Entre guinguettes parisiennes et dur travail à l’usine, Alain cherche à en savoir plus sur l’exécution de son frère, tué parce qu’il était résistant communiste. Grâce aux différents points de vue habilement présentés, le deuxième tome des Années rouge et noir cerne finement la France des faux semblants d’après-guerre.
La guerre terminée, les collaborateurs notoires se cachent ou sont en prison. Bachelli fait partie de la dernière catégorie. Depuis sa cellule, il tisse sa toile pour préparer sa sortie. Connaissant le passé trouble d’Agnès maintenant à Matignon, il fait pression pour obtenir une libération anticipée. Simone, devenue journaliste, mène une enquête qui la pousse à s’intéresser à Agnès, entre autres. Quant à Alain, il travaille comme ouvrier chez Renault. Sur fond de tension entre les salariés et les syndicats, il tente de percer le secret sur la mort de son frère exécuté en fin de guerre.

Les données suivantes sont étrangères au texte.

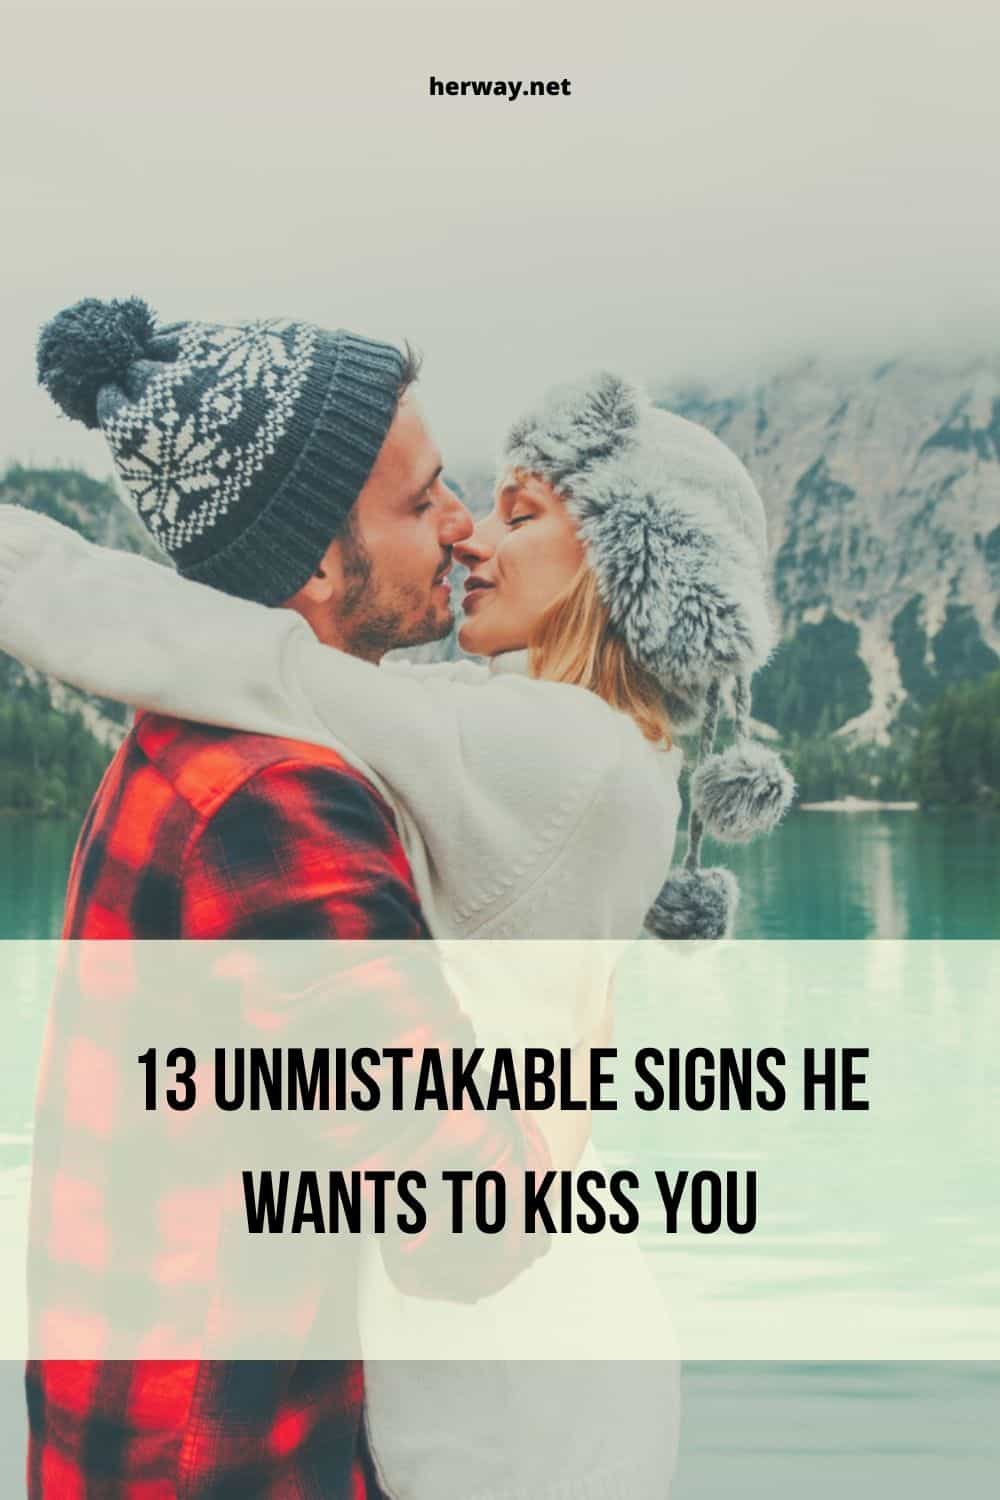 What does it mean if a guy kisses you on the first date?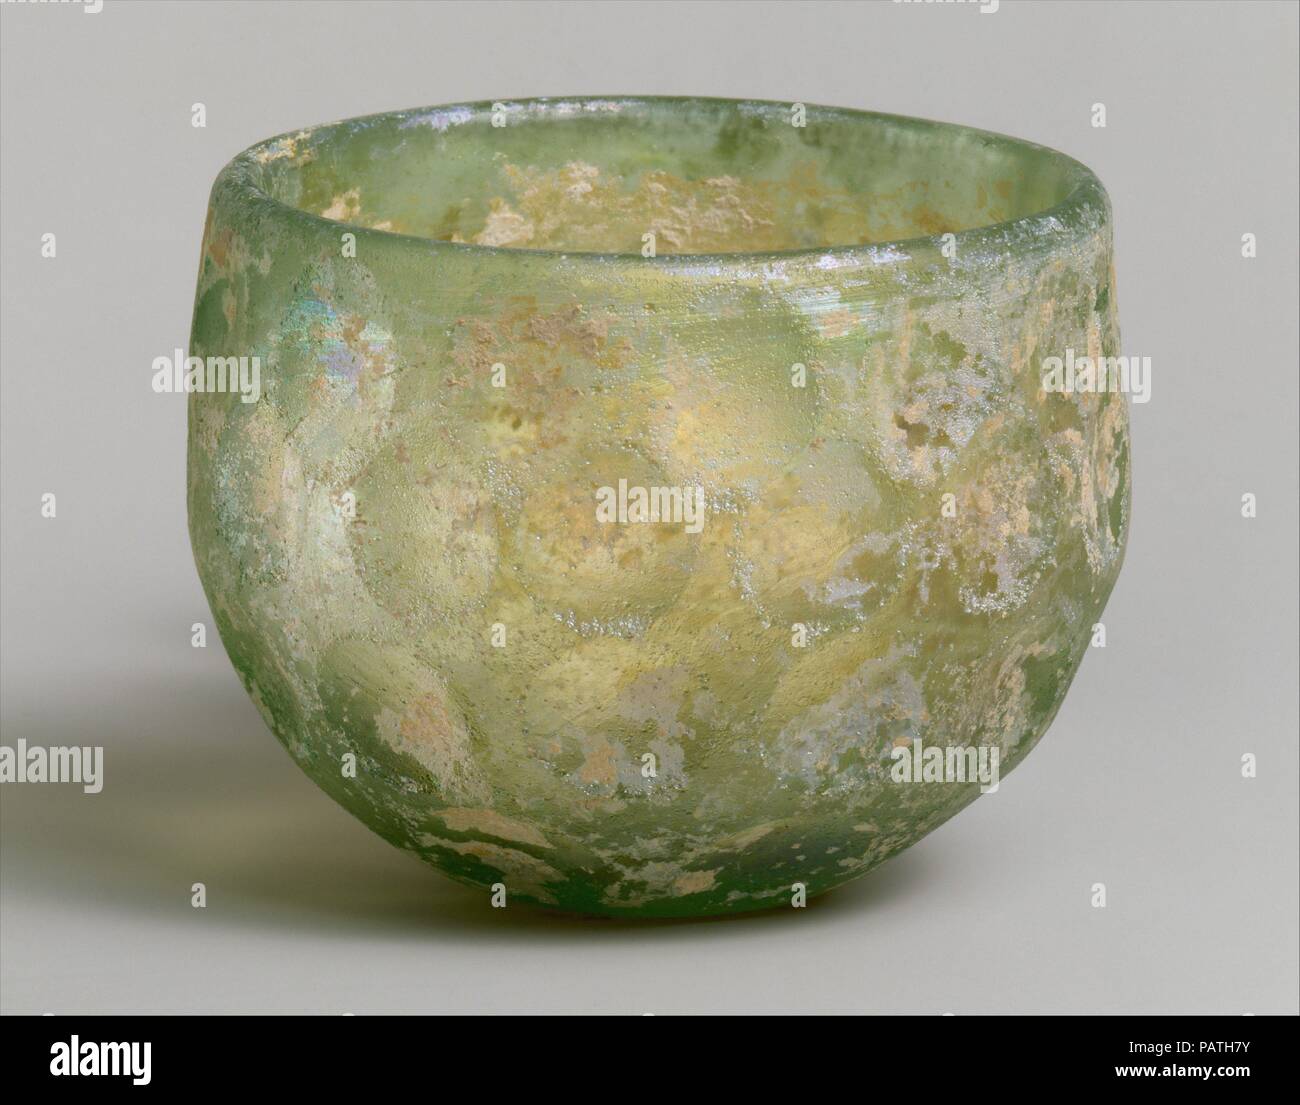 Bowl with wheel-cut facets. Culture: Sasanian. Dimensions: H. 7.9 cm. Date: ca. 6th-7th century A.D..  This hemispherical bowl may have been made by blowing molten glass into an open mold (though possibly it was free-blown); subsequently, four rows of oblong-to-round facets were wheel-cut and polished. The thick glass, originally pale green, has lost much of its surface color and gained extensive iridescence through weathering.  Faceted bowls such as this one are characterized by uniformity of shape, size, and arrangement of the facets in four or five rows. They represent the most widespread t Stock Photo

Centré sur Alain, ce tome dépeint le portrait de la France juste après la fin du gouvernement de Charles De Gaulle. Les investigations d’Alain le poussent à côtoyer le milieu politique et journalistique via Agnès et Simone mais son travail le plonge dans la grogne sociale entre patrons, syndicats et ouvriers. Le tableau est complété par ses sorties nocturnes dans certains cabarets parisiens.
Cette mise en scène intelligente de ces trois milieux nous aide à cerner cette époque dans sa complexité. L’intrusion fracassante d’un groupe de cocos au sein d’une réunion d’anciens miliciens n’est qu’un exemple des scènes savoureuses et captivantes qui émaillent ce tome.
Tout aussi efficace que dans le premier album, le dessin concentre ses efforts dans le vieillissement subtil des personnages de quelques années. Mais le trait n’oublie pas pour autant la détresse, la crainte ou la fureur, qui se lisent aisément sur les visages... Réalistes, les costumes soignés permettent de mieux s’imprégner de cette époque pas si lointaine.
Le troisième tome se fait déjà attendre avec impatience.